The false claims of election fraud that rapidly spread through Trump’s orbit and right-wing spaces caused Freeman and Moss to face harassment and threats they have said altered their lives.
“I don’t do nothing anymore. I don’t want to go anywhere. I second guess everything I do. It’s affected my life in a major way. In every way. All because of lies,” Moss testified during a Jan. 6 committee hearing.
Keyes Fleming said those types of details could personalize the case and be compelling for jurors.
“Many jurors can see themselves as that ordinary citizen who’s just trying to support voting rights or trying to volunteer for the greater good in some way, shape or form. And then … they find themselves in the crosshairs of vitriolic lies and attempts to undermine their credibility,” she said.
“In my experience, testimony like that can be persuasive.”
Freeman and Moss have sued Giuliani themselves for defamation over his election fraud claims, which a series of probes led by three law enforcement agencies found “were false and unsubstantiated.”
Giuliani wrote in court filings he will “not contest” that his statements were “false” and “carry meaning that is defamatory” but maintained that they were “constitutionally protected.”
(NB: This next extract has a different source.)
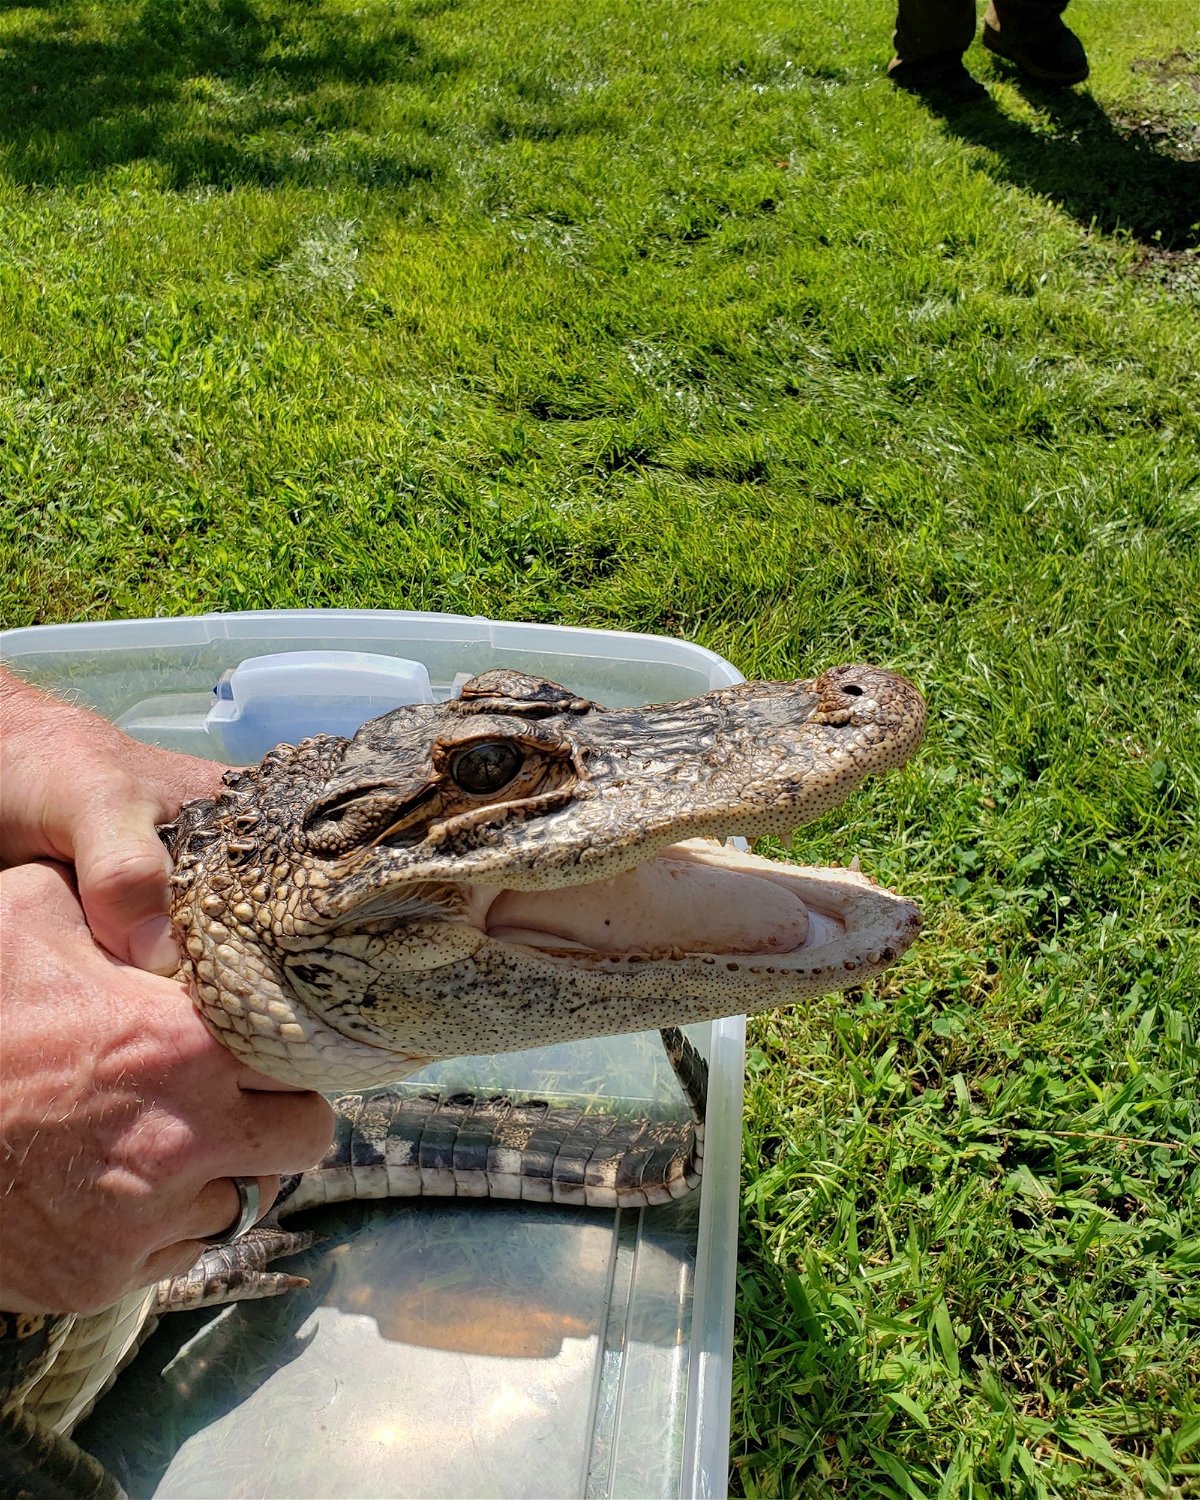 florida state reptile alligator
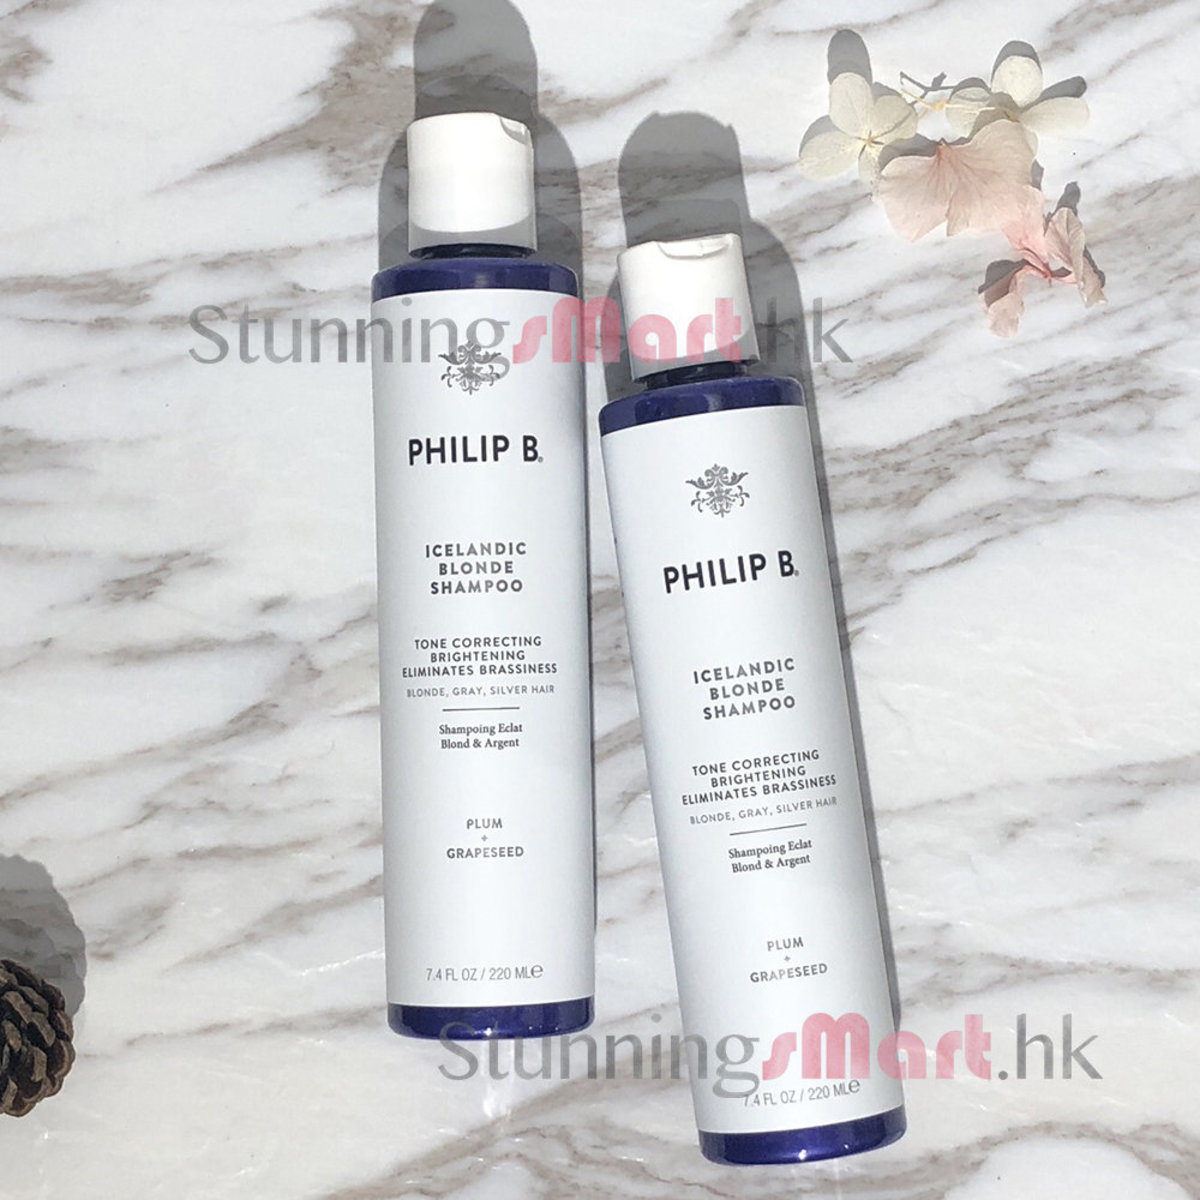 Philip | Icelandic Blonde Shampoo (For Blonde / / Silver Hair) 220.0g/ml | HKTVmall The Largest HK Shopping Platform

But Keyes Fleming said there’s another important distinction about having the false statements about Freeman addressed in a criminal case versus a civil defamation suit where the two women could receive monetary damages.
“It’s not about reimbursement …. It’s more about punishment for a crime that’s consistent with the level of accountability for a particular act,” she said.
Though Trump’s efforts to subvert Georgia’s election results ultimately failed, the indictment makes clear his and his allies’ alleged actions were “not a victimless crime at all,” Segall said.
“Bringing in Ruby Freeman and her daughter shows a very human cost to what these people were doing,” he said.